Abstract
Today’s public sphere is largely shaped by a dynamic digital public space where lay people conform a commodified marketplace of ideas. Individuals trade, create, and generate information, as well as consume others’ content, whereby information as public space commodity splits between this type of content and that provided by the media, and governmental institutions. This paper first explains how and why our current digital media context opens the door to pseudo-information (i.e., misinformation, disinformation, etc.). Furthermore, the paper introduces several concrete empirical efforts in the literature within a unique volume that attempt to provide specific and pragmatic steps to tackle pseudo-information, reducing the potential harm for established democracies that today’s digital environment may elicit by fueling an ill-informed society.
“Do Not Blame the World. Find a Solution.” Sri Chinmoy
The knowledge established through science, history, and social agreements such as law and policy constitutes the common foundation of civilization. The acquisition and acceptance of such common knowledge as true or legitimate by the members of a society enables trust and delegation, further enacting sustainable civilization. This possession of common knowledge is formed by continuous communication processes among social members: the creation, evaluation, endorsement, education, and acceptance of what information is true or factual.
The common conceptual foundation or informational bedrock is created by certain members of a society (e.g., innovators), then debated and validated by other members and eventually crowned as legitimate fact or truth if it endures the falsification or verification processes. Typically, the creation and validation of new knowledge has been entrusted to social institutions possessing power and resources, such as governments, media, or scientific organizations. These processes involve experts and stakeholders.

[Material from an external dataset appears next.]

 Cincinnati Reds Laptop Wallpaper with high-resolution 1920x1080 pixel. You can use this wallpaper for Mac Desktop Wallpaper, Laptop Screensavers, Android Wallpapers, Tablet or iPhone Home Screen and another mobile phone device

The various participants require efficient and effective intermediaries to connect distant, separated social actors and constituents. Modern society has developed and relies on many forms of electronic and mass communication technologies or mass media (e.g., radio, TV, and print media). Mass media have played the main intermediary roles for the debate, approval, officialization, and dissemination of candidate knowledge to common knowledge among social members. These entrusted social institutions and intermediaries enabled the whole process of knowledge foundation for social members in what we call the first information market (Kim & Gil de Zúñiga, 2021).

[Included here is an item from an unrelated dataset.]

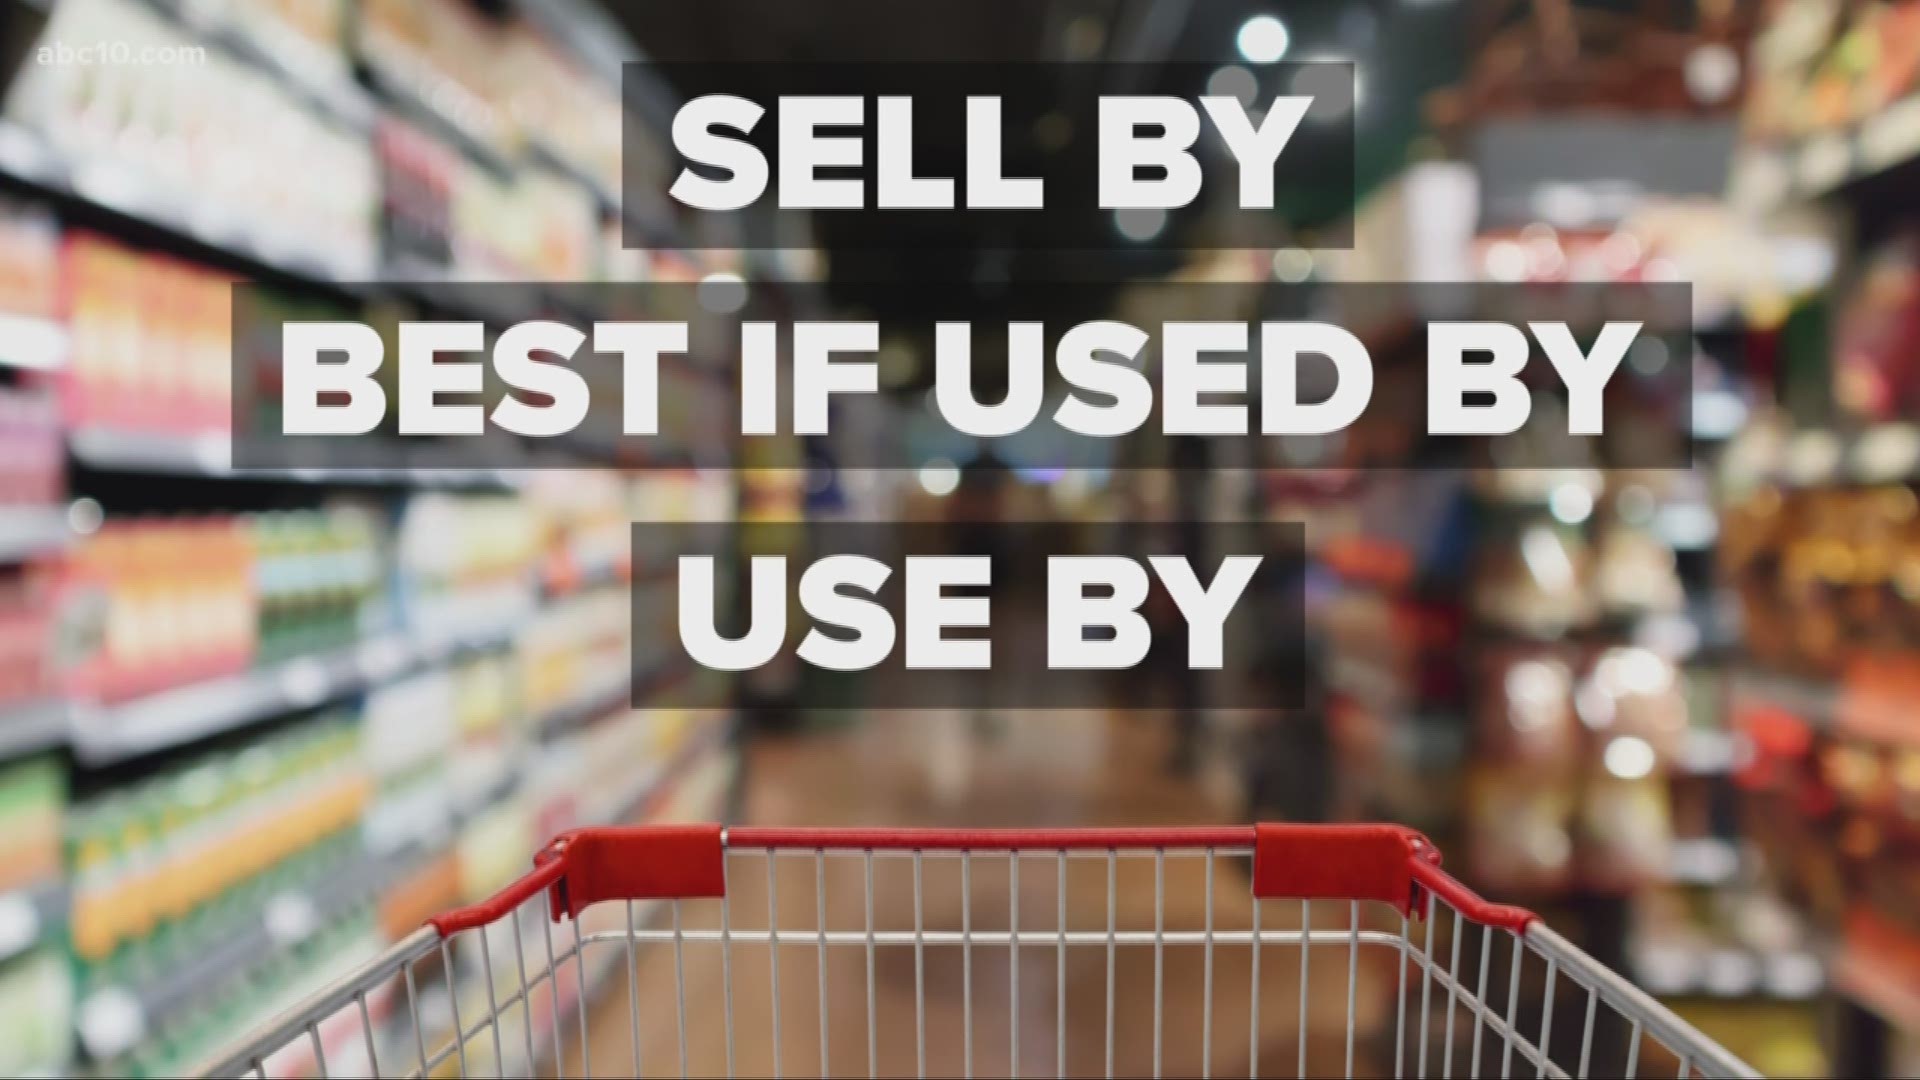 "Best if used by", "sell by", "use by", we've all seen it on food packaging, but Brittany explains what it all means in today's Begley's Bargains.

However, the emergence of social media platforms (e.g., YouTube, Facebook, Twitter, etc.) in the mid-2000 has changed how the marketplaces of ideas work. The traditional actors and their roles and power in the creation and trading of established commodities (e.g., facts or information) have been debilitated. The common foundation for civilization is threatened. From a media and communication viewpoint, it is a power shift via a media operational paradigm shift. Specifically, the economy of digital society commodifies lay people’s motivation and capacity. Media content consumers “create-their-own-content” and trade and consume it by themselves. In other words, the main commodities traded in the digital marketplaces of ideas are user-generated content or lay public-produced information such as texts, images, audio, or videos, created/posted by lay people themselves over online platforms and digital networks—a secondary information market (Kim & Gil de Zúñiga, 2021).
Still, traditional social institutions such as governments, mass media, and scientific organizations continue to generate and disseminate their information commodities to lay citizens and publics. However, they are just a small few among many producers and traders; they frequently fail to compete in the secondary digital marketplace of ideas. The main trading brokers, the mass media, are not effective or efficient traders against the parallel billions of lay traders who are themselves both producers and consumers. The sheer number and variety of curated content by digital media users outweighs the presence of mass media content. Furthermore, what information consumers want in the market of ideas is known faster and more specifically by themselves. When many users curate their own tailor-made content environment, mass media producers struggle to compete.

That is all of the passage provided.